(DATASET CONTENT)
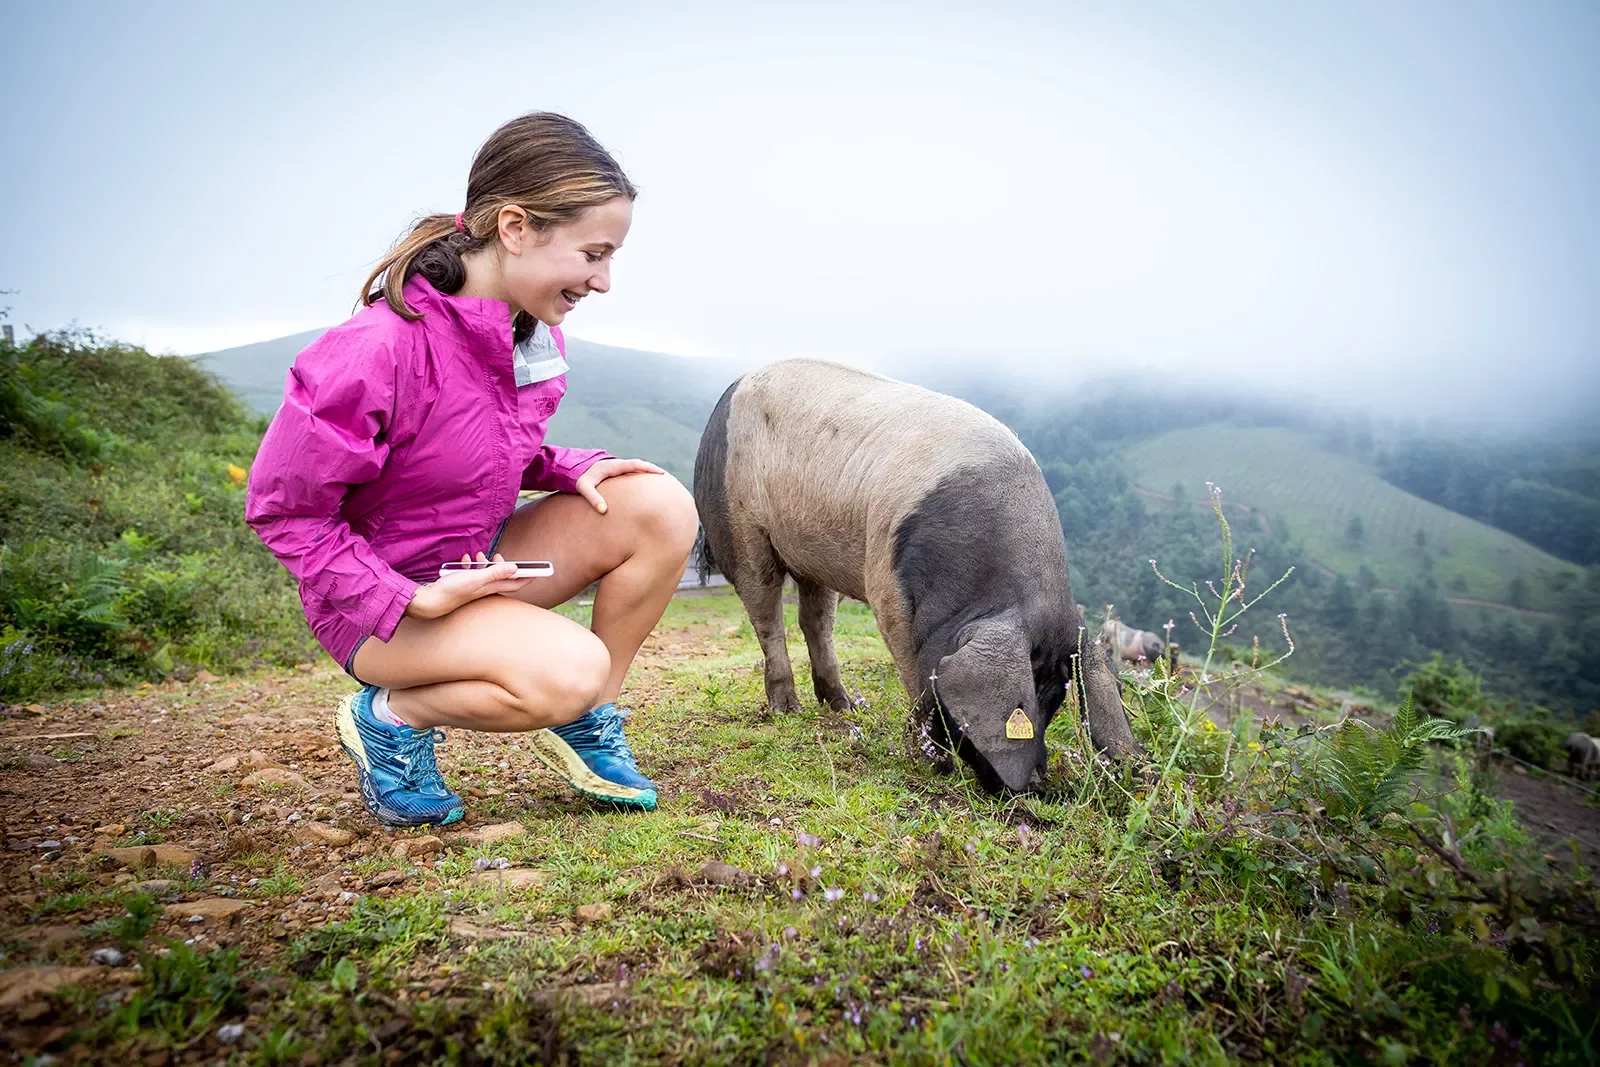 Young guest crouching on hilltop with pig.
---
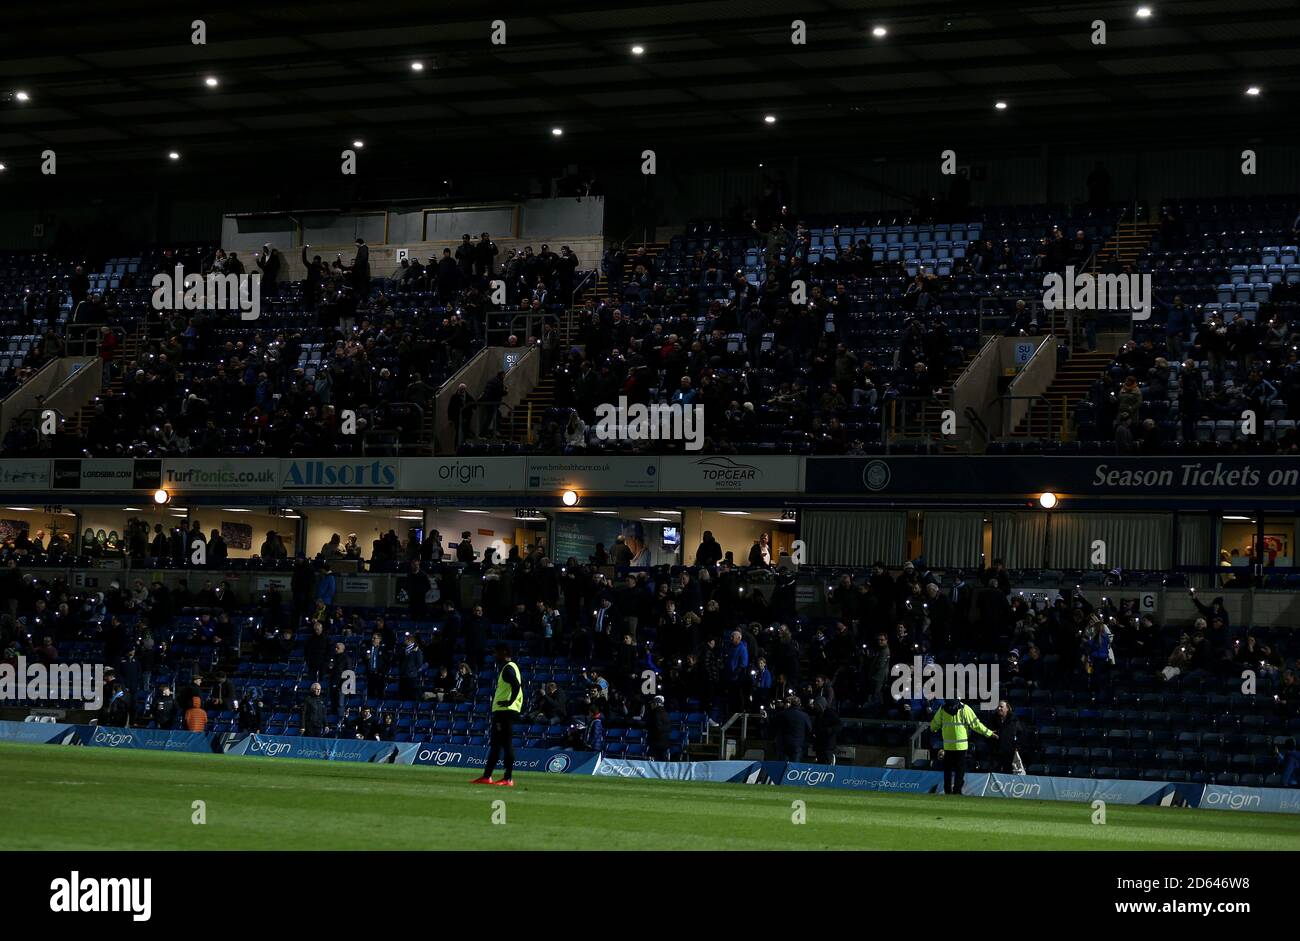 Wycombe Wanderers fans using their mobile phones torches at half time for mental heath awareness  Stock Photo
--
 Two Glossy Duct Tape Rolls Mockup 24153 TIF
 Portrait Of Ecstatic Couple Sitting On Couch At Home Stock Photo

(PROMPT) Above are the lines; repeat exactly the ones from the line containing "Two Glossy Duct Tape Rolls Mockup 24153 TIF" down to the line containing "Portrait Of Ecstatic", both inclusive.

(RESULT)
 Two Glossy Duct Tape Rolls Mockup 24153 TIF
 Portrait Of Ecstatic Couple Sitting On Couch At Home Stock Photo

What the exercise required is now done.